In the example above the capacity of the cache is 4, the maximum number of items. Items are accessed and added. There are two iterations of interest:
- Iteration 5: We replace A with E as A had been the least recently used (0 times)
- Iteration 7: In a similar vain E is replaced with F as E had been the least recently used (1 time)
Makes sense. But how do we go about implementing an LRU cache? Perhaps there are a couple of data structures that can come in handy for this type of problem.
Implementing an LRU Cache
Thinking through what's needed for an LRU cache, two things come to mind:
- Fast access, this implies constant time
- At the same time, a way to keep track of which items have been used and evicting them easily
In the spirit of a great problem there are many ways to solve this one. However, in the same vein TL;DR, we will only explore one of them. That one will involve two fundamental data structures: hashmaps and linked lists, both which lend themselves to deal with the properties above elegantly.
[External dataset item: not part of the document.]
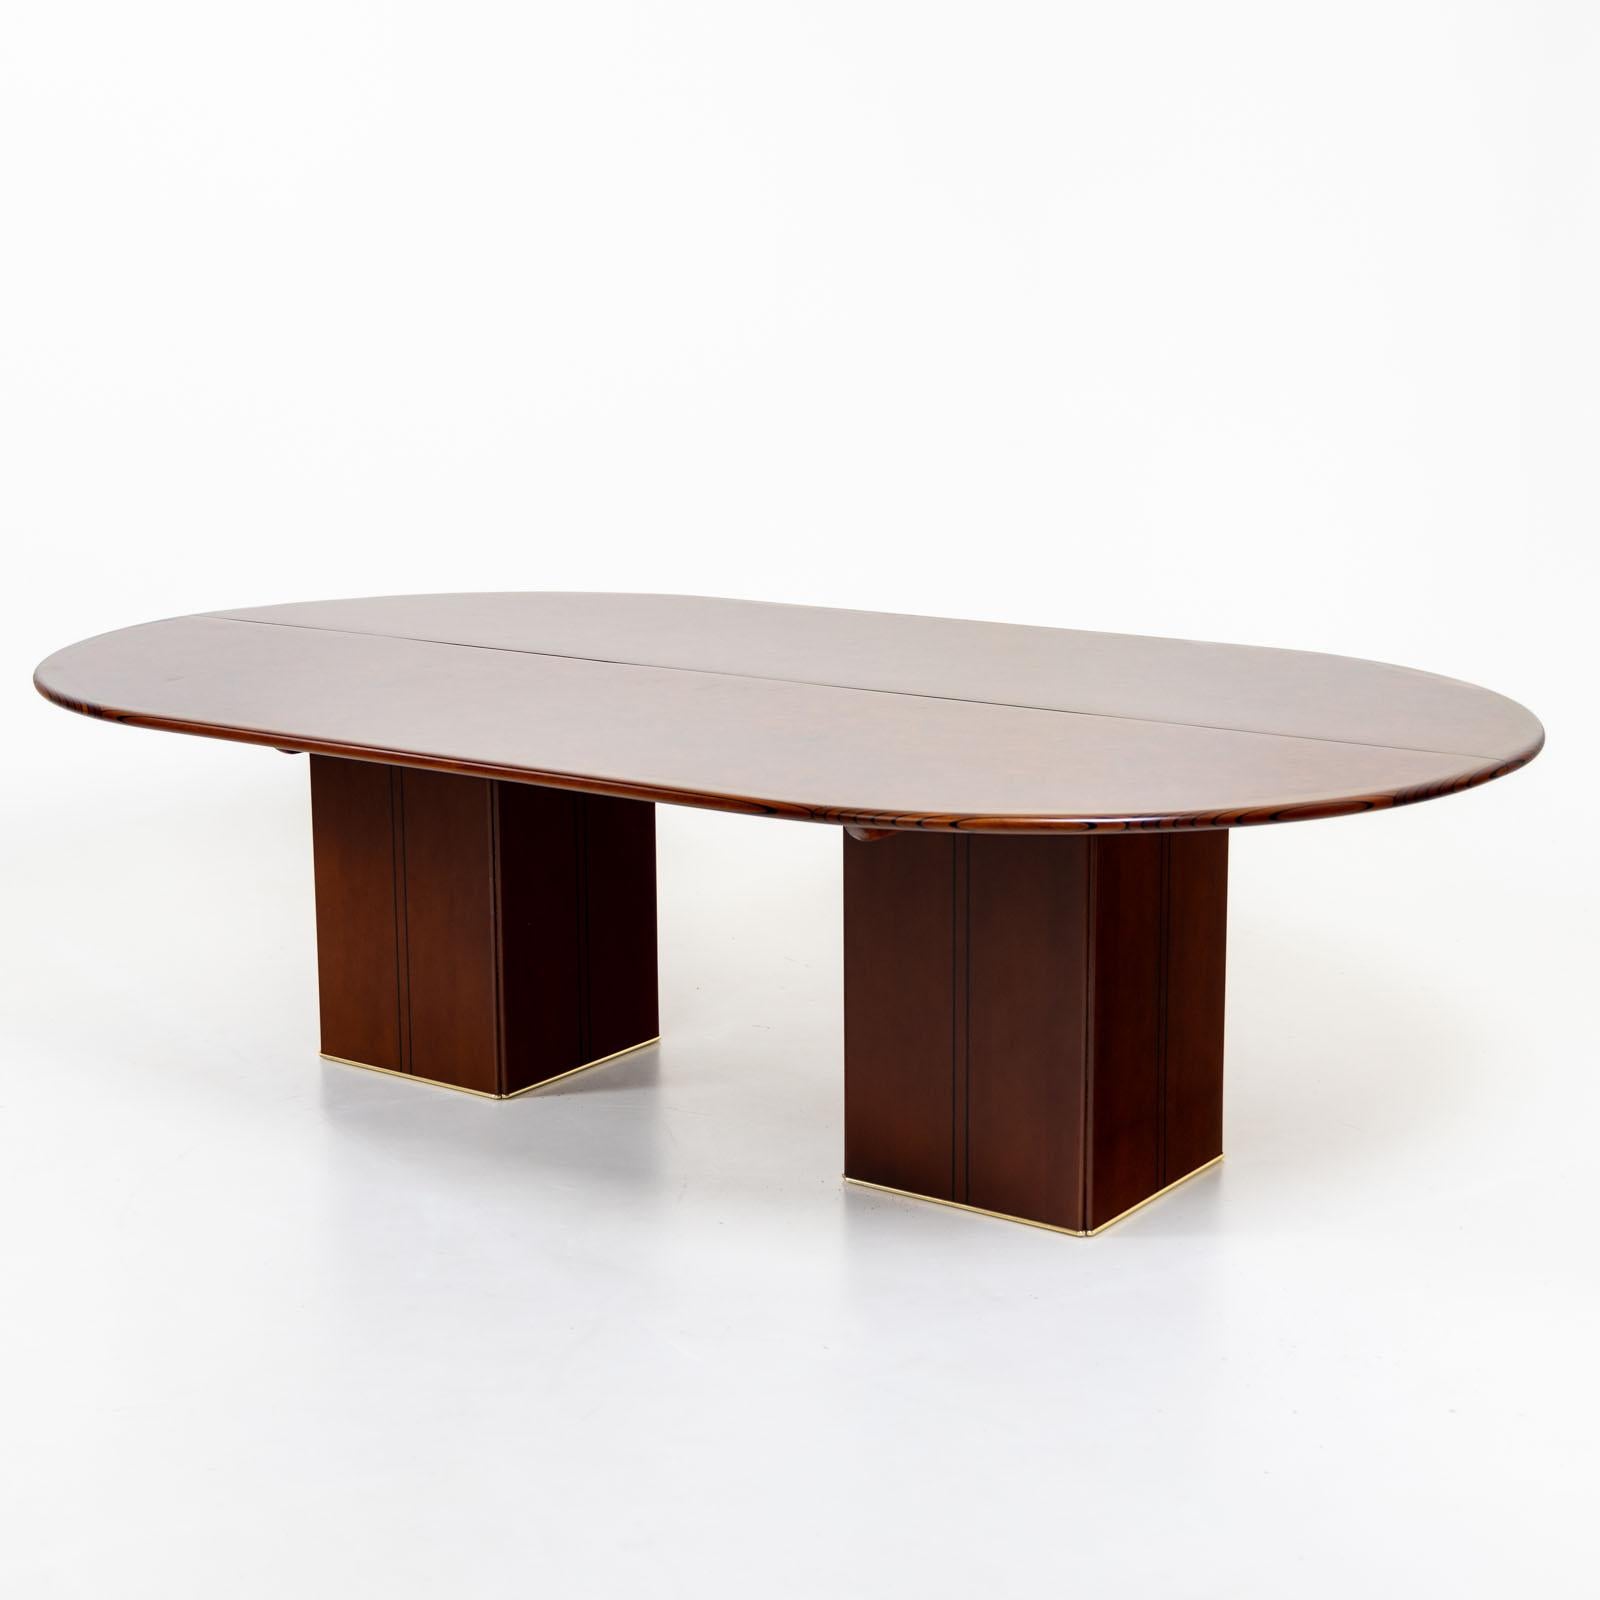 Large dining table or conference table with oval tabletop and veneer of walnut and birch burl. The table rests on two square legs, which are stabilized by means of concrete counterweights. The weights are embossed with the logo of Maxalto as well as

Hashmaps, Linked Lists and Caches
Putting the puzzle pieces together to create an LRU cache works as follows: we create a hashmap with items in the cache as keys and the values pointing to nodes in a doubly linked list.
A hashmap will satisfy but why a doubly linked list? Doubly-ness aside, a linked list is useful here because we can keep track of the head and tail nodes.
Whenever we access an item, we move it to the head, as it has become the most recent. Once the linked list exceeds it's capacity, we can remove the tail as this will be the least recently used item. The new item becomes the head.
Bringing back the doubly-ness, the utility from this property is that it makes removing nodes simpler because we always have a pointer to the previous and next nodes relative to the current node. We need this information when removing nodes.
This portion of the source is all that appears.